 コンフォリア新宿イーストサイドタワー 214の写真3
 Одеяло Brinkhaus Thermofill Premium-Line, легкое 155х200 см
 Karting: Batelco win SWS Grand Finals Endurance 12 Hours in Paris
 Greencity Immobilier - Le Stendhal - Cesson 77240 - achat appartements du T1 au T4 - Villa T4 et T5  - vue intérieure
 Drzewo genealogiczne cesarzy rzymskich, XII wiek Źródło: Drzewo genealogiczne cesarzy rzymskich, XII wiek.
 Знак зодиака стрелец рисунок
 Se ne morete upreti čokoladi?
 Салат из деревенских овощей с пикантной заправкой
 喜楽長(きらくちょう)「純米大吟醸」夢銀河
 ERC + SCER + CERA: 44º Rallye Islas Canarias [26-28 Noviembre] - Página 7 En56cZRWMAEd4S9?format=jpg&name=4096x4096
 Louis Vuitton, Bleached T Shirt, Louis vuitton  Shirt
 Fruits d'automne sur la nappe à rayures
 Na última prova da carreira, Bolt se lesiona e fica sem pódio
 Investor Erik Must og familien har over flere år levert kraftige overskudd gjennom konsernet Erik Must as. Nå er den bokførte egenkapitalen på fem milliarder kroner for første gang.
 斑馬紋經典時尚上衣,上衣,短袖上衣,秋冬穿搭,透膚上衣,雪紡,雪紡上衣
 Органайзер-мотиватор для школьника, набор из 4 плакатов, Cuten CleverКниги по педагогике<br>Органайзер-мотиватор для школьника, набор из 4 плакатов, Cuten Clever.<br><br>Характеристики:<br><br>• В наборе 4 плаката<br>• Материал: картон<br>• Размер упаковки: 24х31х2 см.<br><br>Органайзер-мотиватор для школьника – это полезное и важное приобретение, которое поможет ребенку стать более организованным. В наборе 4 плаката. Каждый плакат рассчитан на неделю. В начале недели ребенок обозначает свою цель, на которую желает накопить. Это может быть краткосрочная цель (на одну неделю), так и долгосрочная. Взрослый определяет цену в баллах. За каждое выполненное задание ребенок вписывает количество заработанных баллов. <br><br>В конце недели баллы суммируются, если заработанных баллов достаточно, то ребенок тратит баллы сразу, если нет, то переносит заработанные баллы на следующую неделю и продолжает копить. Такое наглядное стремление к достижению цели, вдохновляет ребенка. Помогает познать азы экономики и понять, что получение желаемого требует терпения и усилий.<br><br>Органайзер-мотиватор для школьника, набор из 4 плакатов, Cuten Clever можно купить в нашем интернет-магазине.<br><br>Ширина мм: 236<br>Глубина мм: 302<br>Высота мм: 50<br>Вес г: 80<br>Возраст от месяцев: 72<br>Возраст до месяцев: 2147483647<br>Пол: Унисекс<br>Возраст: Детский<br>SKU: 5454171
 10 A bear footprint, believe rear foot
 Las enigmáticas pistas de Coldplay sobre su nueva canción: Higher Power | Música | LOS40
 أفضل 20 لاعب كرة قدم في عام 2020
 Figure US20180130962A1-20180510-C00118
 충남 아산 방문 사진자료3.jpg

> [Try it] The reply should hold only the lines from the beginning of the listing above through the line with "Greencity Immobilier - Le", each one written exactly as it appears.

> [Answer for this exercise]
 コンフォリア新宿イーストサイドタワー 214の写真3
 Одеяло Brinkhaus Thermofill Premium-Line, легкое 155х200 см
 Karting: Batelco win SWS Grand Finals Endurance 12 Hours in Paris
 Greencity Immobilier - Le Stendhal - Cesson 77240 - achat appartements du T1 au T4 - Villa T4 et T5  - vue intérieure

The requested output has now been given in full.